ABOUT THIS TASK - Print exactly the lines from the one that contains "Andrew Berdahl" through the final line of the entries below, both included, and nothing else; omit the pictures.

PROVIDED ENTRIES -
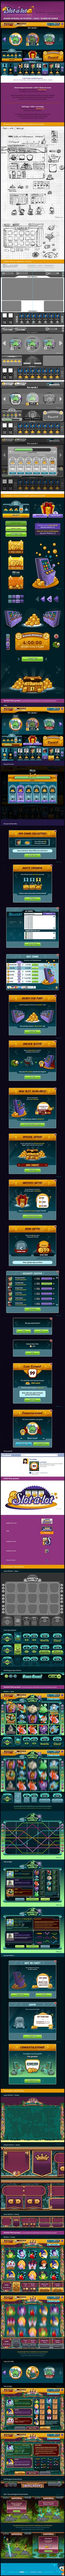 Slots-Social-Game---GUI-Design-on-Behance
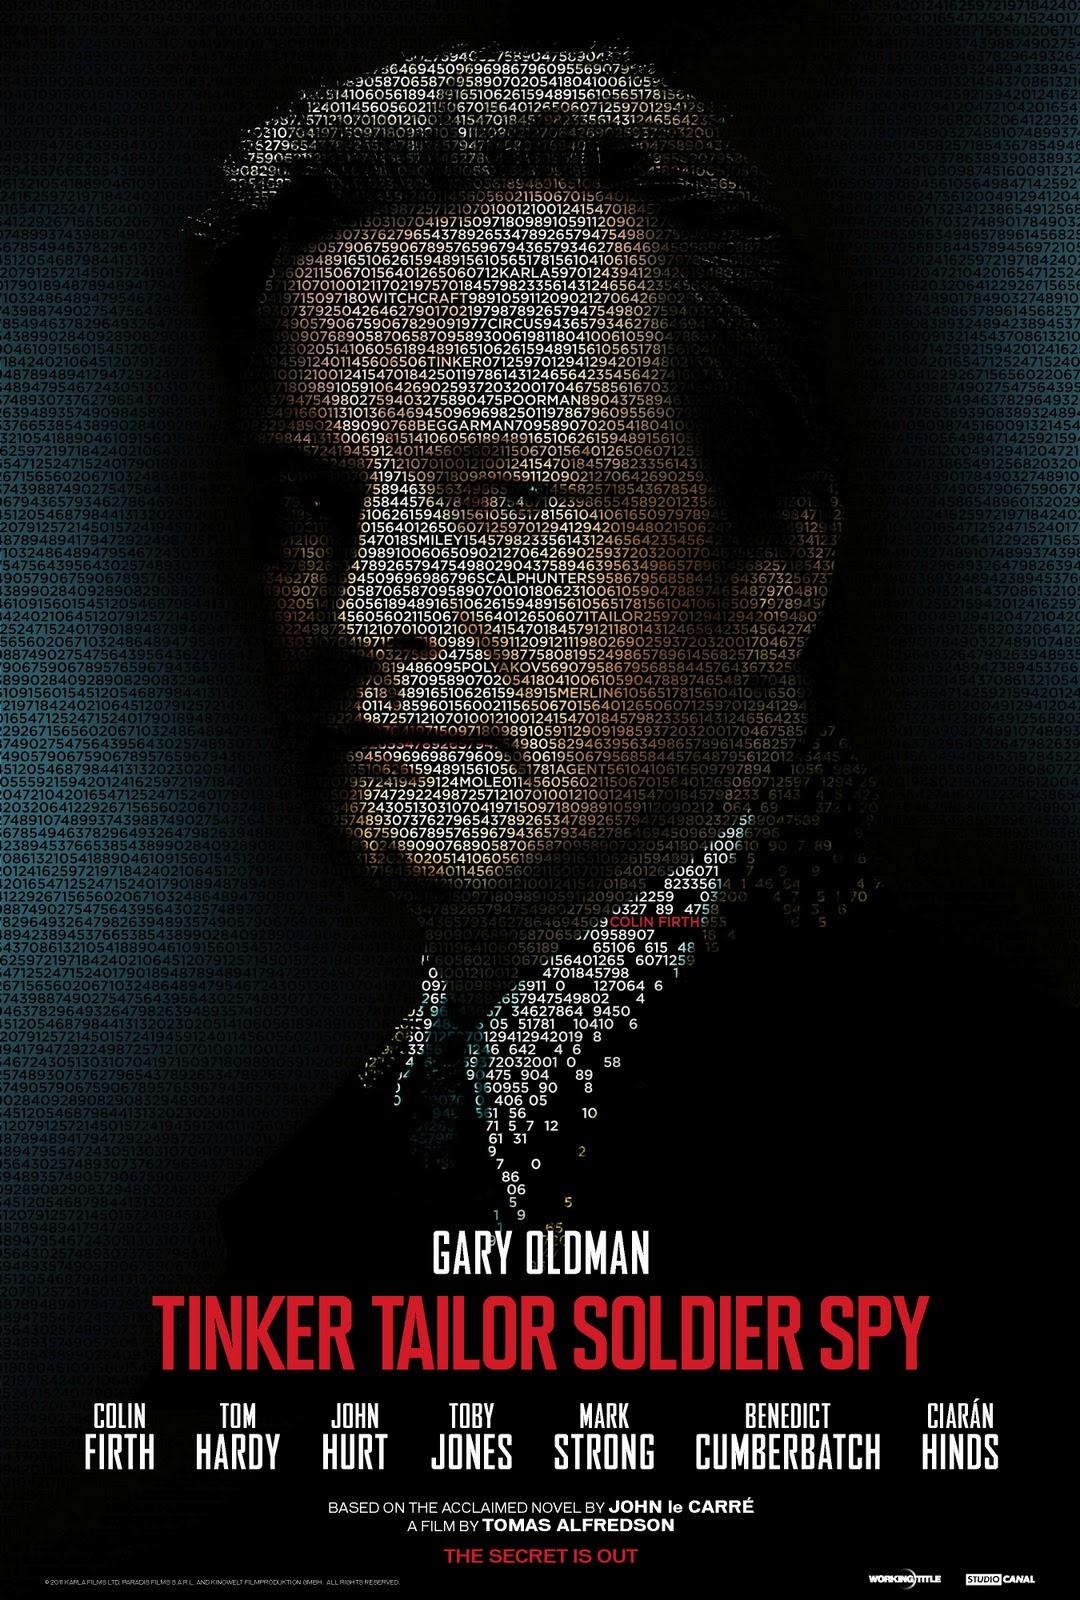 http://2.bp.blogspot.com/-_5iTeFxTxKo/TvqX8WqRbWI/AAAAAAAAB64/bS7V9CRNSso/s1600/Tinker-Tailor-Soldier-Spy-03.jpg
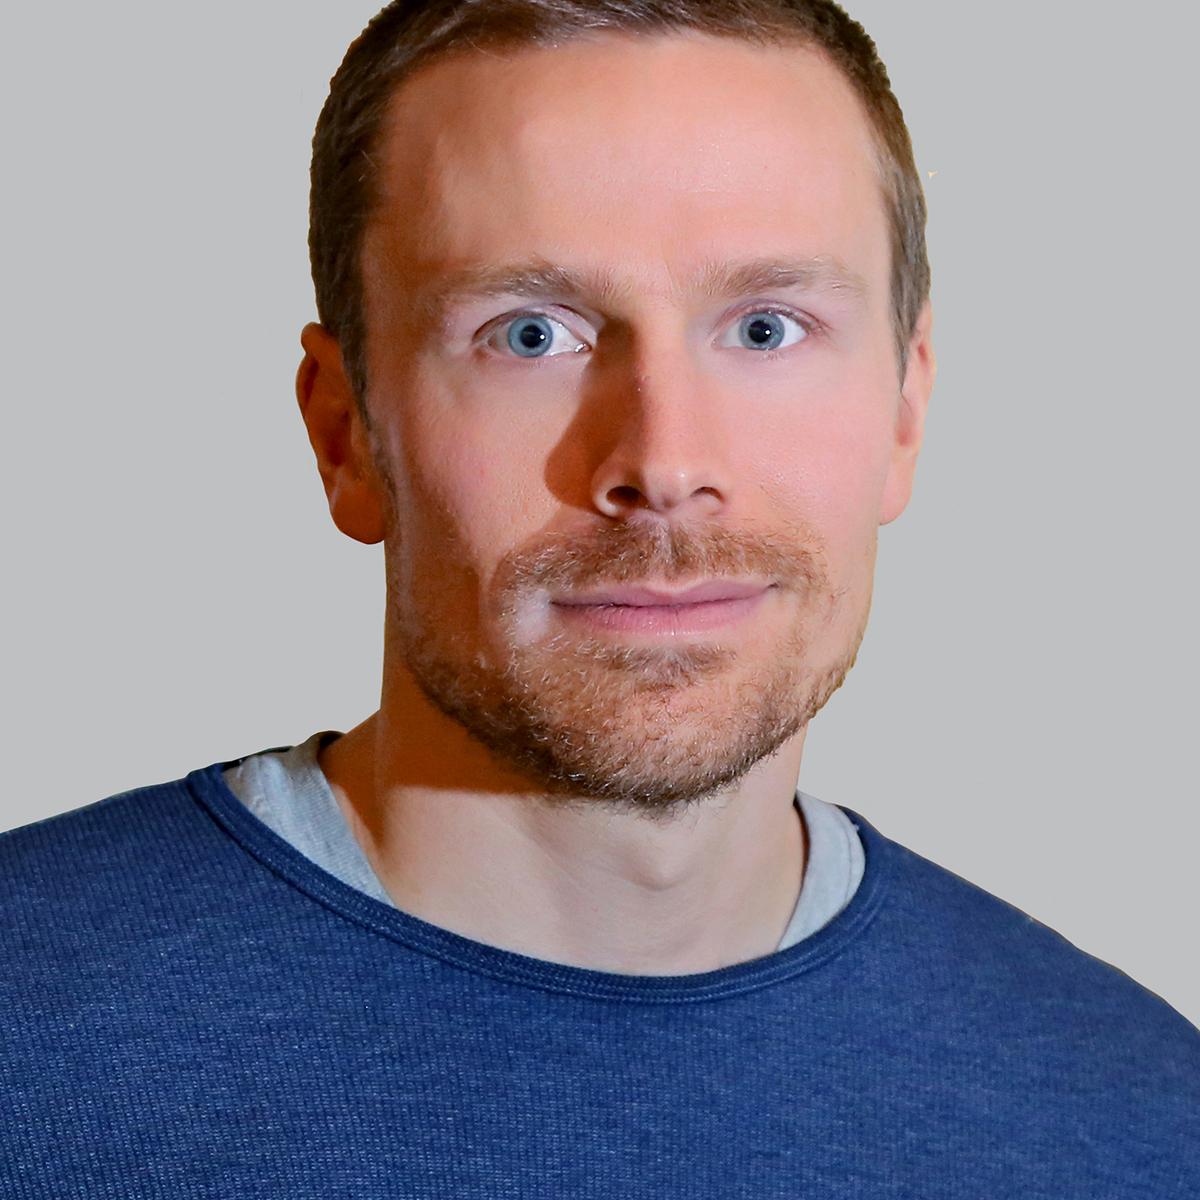 Andrew Berdahl
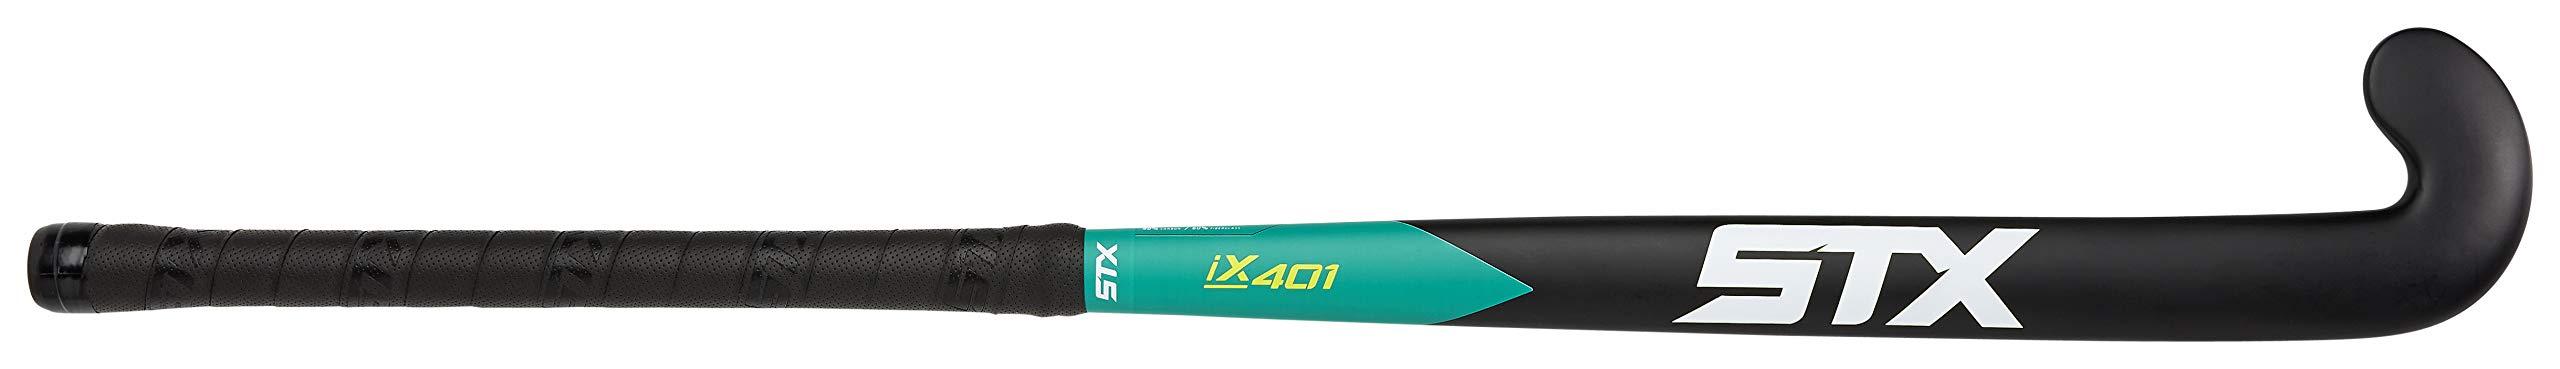 STX Field Hockey Indoor Stick
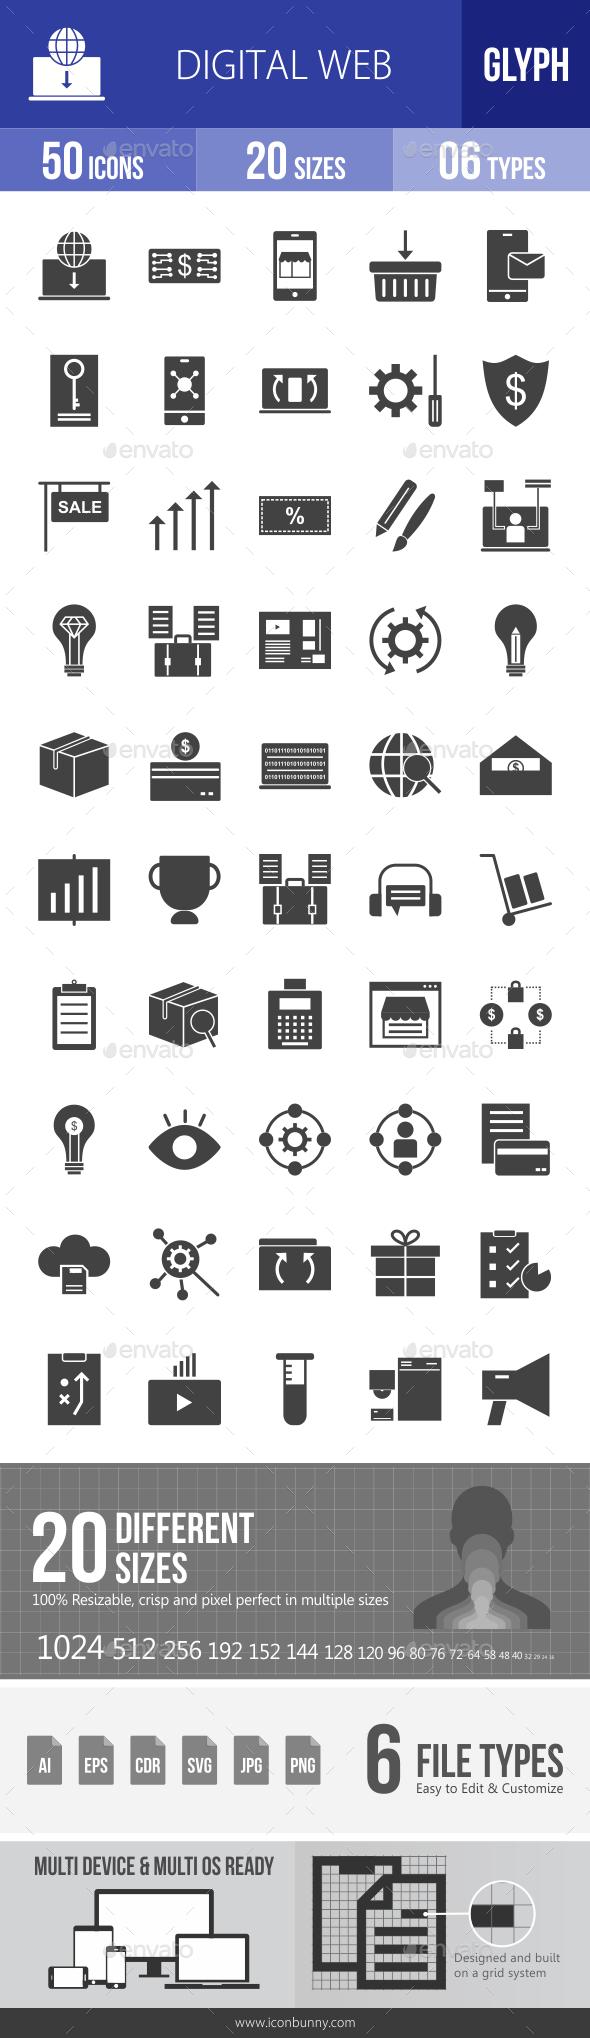 Wireless icon line iconset iconsmind - Digital Web Glyph Icons

TASK ANSWER -
 Andrew Berdahl
 STX Field Hockey Indoor Stick
 Wireless icon line iconset iconsmind - Digital Web Glyph Icons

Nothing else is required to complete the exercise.